Table of Contents
This short tutorial shows how to compute Fisher vector and VLAD encodings with VLFeat MATLAB interface.
These encoding serve a similar purposes: summarising in a vectorial statistic a number of local feature descriptors (e.g. SIFT). Similarly to bag of visual words, they compare local descriptor to a dictionary, obtained with vectonr quantization (KMeans) in the case of VLAD and Gaussina Mixture Models for Fisher Vectors. However, rather than storing visual word occurences only, these representation store the difference between dictonary elements and pooled local features.
Fisher encoding
The Fisher encoding uses GMM to construct a visual word dicionary. To exemplify constructing a GMM, we consider a number of 2 dimensional data points (see also the GMM tutorial).
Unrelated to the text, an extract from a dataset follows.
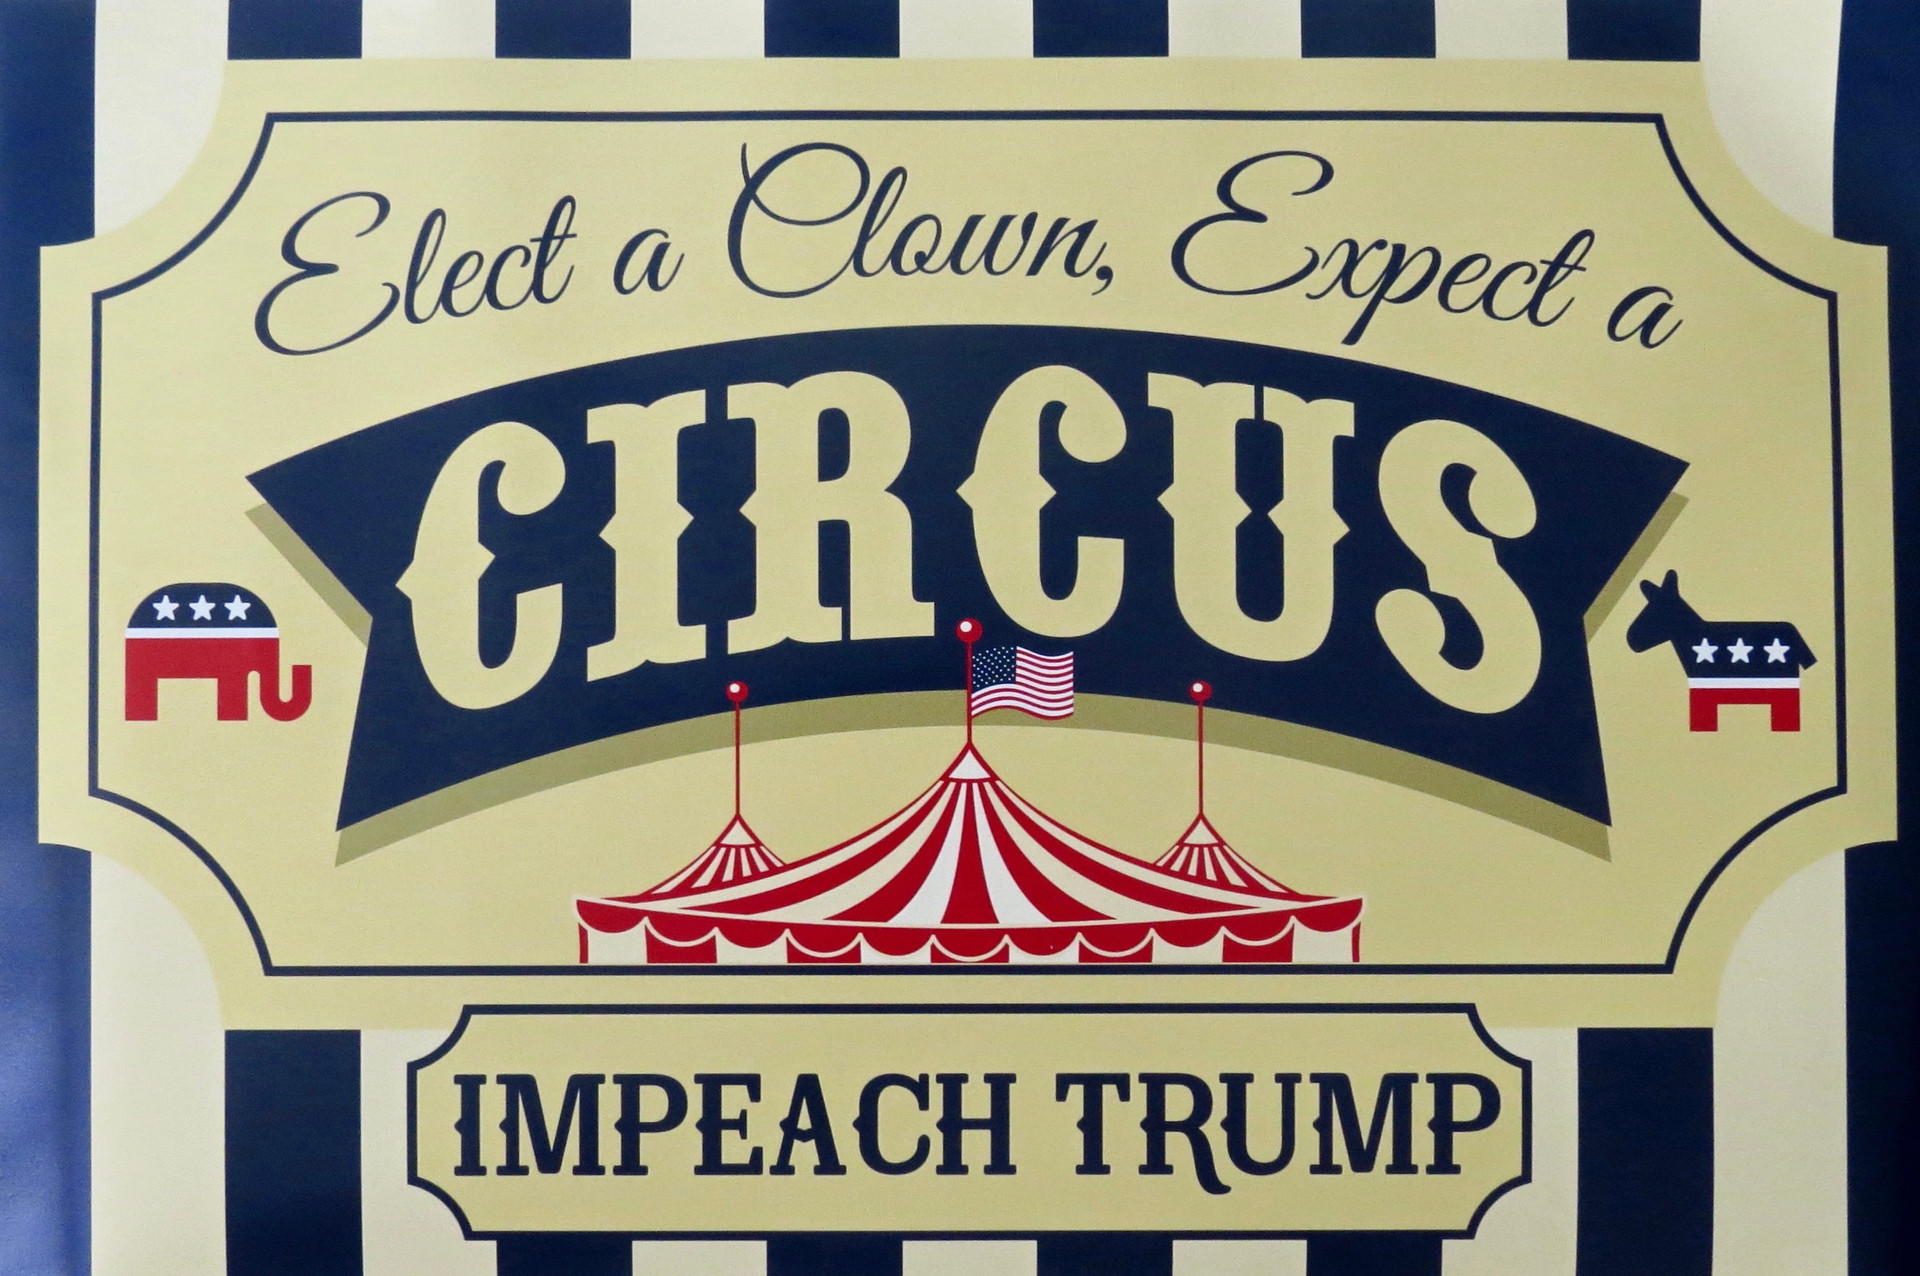 Elect a Clown Expect a Circus

In practice, these would be a collection of SIFT or other local image features:
numFeatures = 5000 ;
dimension = 2 ;
data = rand(dimension,numFeatures) ;
numClusters = 30 ;
[means, covariances, priors] = vl_gmm(data, numClusters);
Next we create another random set of vectors, which should be encoded using the Fisher vector representation and the GMM just obtained.
numDataToBeEncoded = 1000;
dataToBeEncoded = rand(dimension,numDataToBeEncoded);
The Fisher vector encoding enc of these vectors is
obtained by calling the
vl_fisher function using the
output of the
vl_gmm function:
encoding = vl_fisher(datatoBeEncoded, means, covariances, priors);
The encoding vector is the Fisher vector
representation of the data
dataToBeEncoded.
Note that Fihser vectors support several normalization options that can affect substantially the performance of the representation.
VLAD encoding
The Vector of Linearly Agregated Descriptors is similar to Fisher vectors but (i) it does not store second-order information about the features and (ii) it typically use KMeans instead of GMMs to generate the feature vocabulary (although the latter is also an option).
Consider the same 2D data matrix data used in the
previous section to train the Fisher vector representation. To compute
VLAD, we first need to obtain a visual word dictionary. This time, we
use K-means:
numClusters = 30 ;
centers = vl_kmeans(dataLearn, numClusters);
Now consider the data dataToBeEncoded and use
the
vl_vlad function to compute the encoding. Differently
from
vl_fhiser,
vl_vlad requires the
data-to-cluster assignments to be passed in. This allows
using a fast vector quantization technique (e.g. kd-tree) as well as
switching from soft to hard assignment.
In this example, we use a kd-tree for quantization:
kdtree = vl_kdtreebuild(centers) ;
nn = vl_kdtreequery(kdtree, centers, dataEncode) ;
Now we have in the nn the indeces of the nearest
center to each vector in the matrix
dataToBeEncoded. The
next step is to create an assignment matrix:
assignments = zeros(numClusters,numDataToBeEncoded); assignments(sub2ind(size(assignments), nn, 1:length(nn))) = 1;
It is now possible to encode the data using
the vl_vlad function:
enc = vl_vlad(dataToBeEncoded,centers,assignments);
Note that, similarly to Fisher vectors, VLAD supports several normalization options that can affect substantially the performance of the representation.